Where does the readable text start and end relative to the rendered expressions text? The only way I can see being able to surely do this is to actually use the HTML structure and make assumptions about classes and then toss away all the text/unicode chars inside of anything with .MathJax class. Then save the raw expressions in the <script> tag as the "thing" we want to re-render into an expression in the sidebar alongside any captured plain text. But then we also have to save the correct offsets relative to the raw textContent so we can place the highlight in the correct space again.

So in this example...

"output vector, f:ℝn↦ℝmf:Rn↦Rm\mathbf{f}: \mathbb{R}^n \mapsto \mathbb{R}^m, the matrix of all first-order"

We need to throw away the part in bold for the sidebar markup, but keep it around to re-anchor so we have correct offsets counts.

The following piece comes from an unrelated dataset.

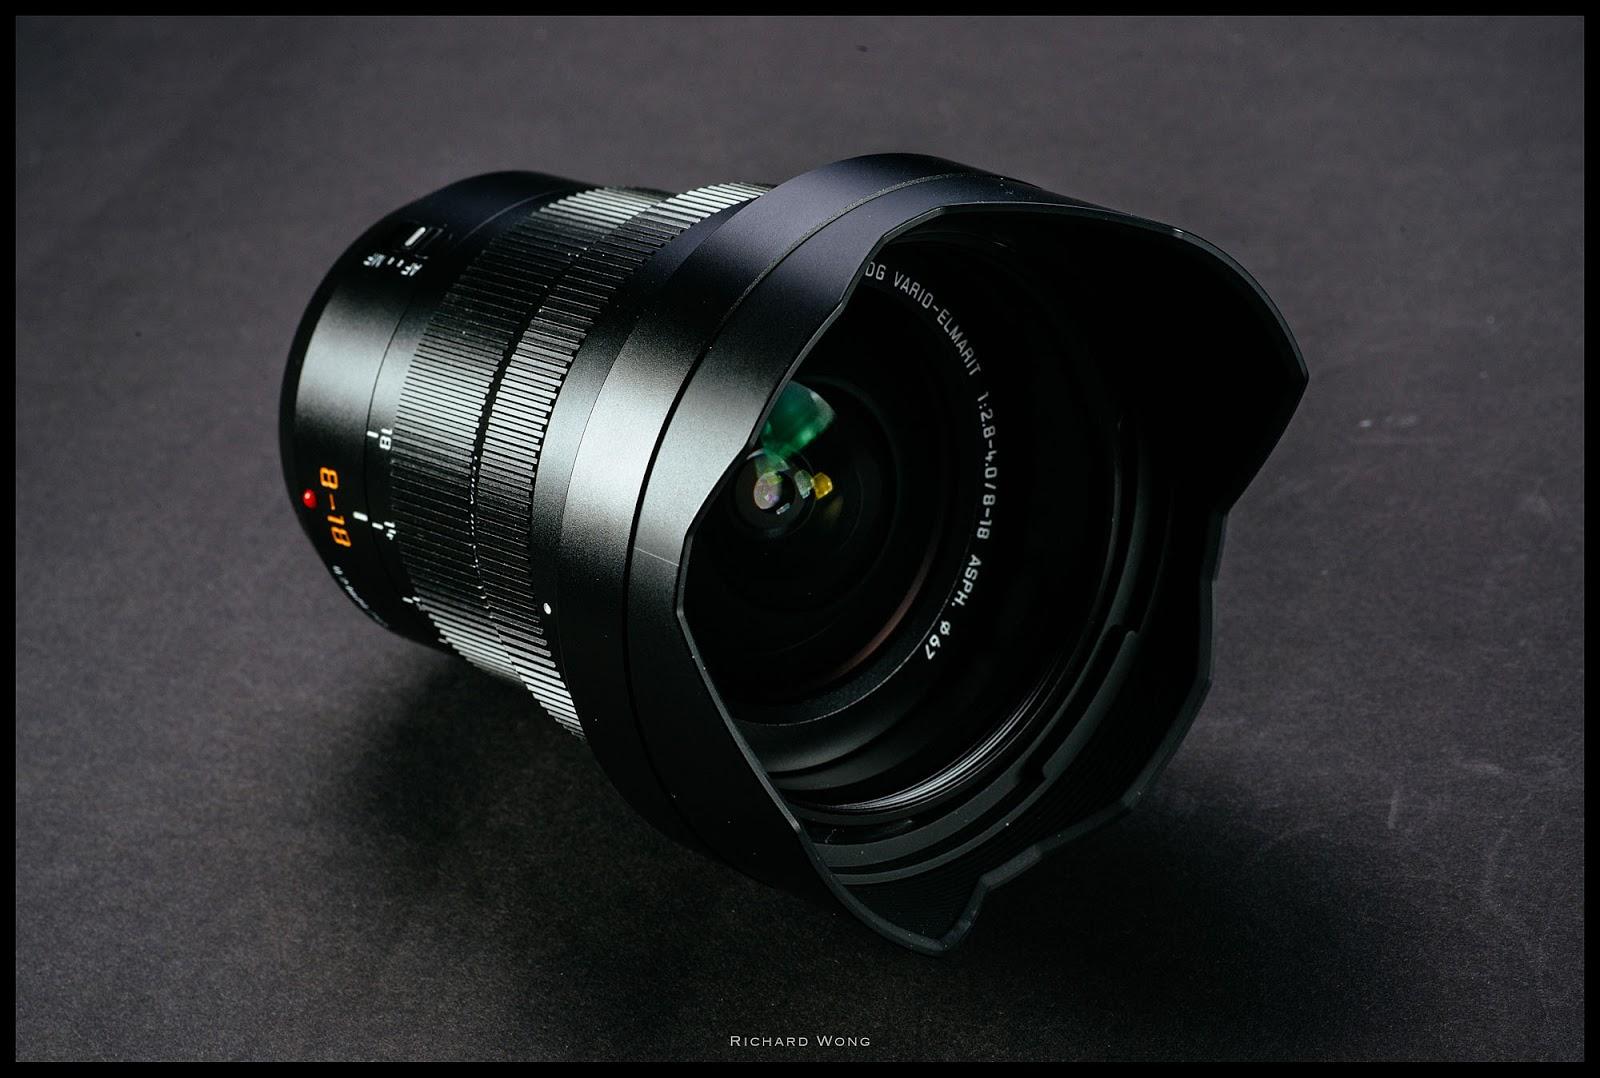 Leica DG Vario-Elmarit 8-18mm f/2.8-4.0 Asph, вид спереди

There may be other ways to accomplish this and we should discuss further, but what I am suggesting here is perhaps a 4th type of Anchor/Selector at least, or possibly major modifications to other similar places in our annotator.

Also, this would only work for MathJax which is specific and fragile. I'm ignoring any larger more general use cases.

LMS007 commented 3 years ago

One more small fact worth mentioning there. type="math/tex" is ignored by the browser and assumed to be just a "data block" which simply means it does not get executed as js (as far as I know). Our annotator also captures js types such as type="text/javascript" and will highlight them just the same. This means that our sidebar annotation blockquotes will always contain the text inside of a script tag if that tag is in the captured range. In the vast majority of cases, script tags are almost never in between content so this is rarely a problem, but if in fact if they are, then folks would be inadvertently capturing and quoting code that they would not otherwise see in the content.

So perhaps there are 2 classes of issues here:

  1. Don't capture script content if it is in fact js code.
  2. Have some special exceptions for data block types that we recognized such as "math/tex" that we can re-render in the sidebar. -- This also means we have to rip out the original unstyled rendered html that MathJax (or similar) produced.
nise commented 2 years ago

Are there any plans to fix this problems?

robertknight commented 2 years ago

A lot of code in potentially relevant areas has changed since the issue was filed, so it will need re-evaluating to figure out which problems still exist and make sure the steps to reproduce are still valid. Nobody has been planning to do that as far as I know.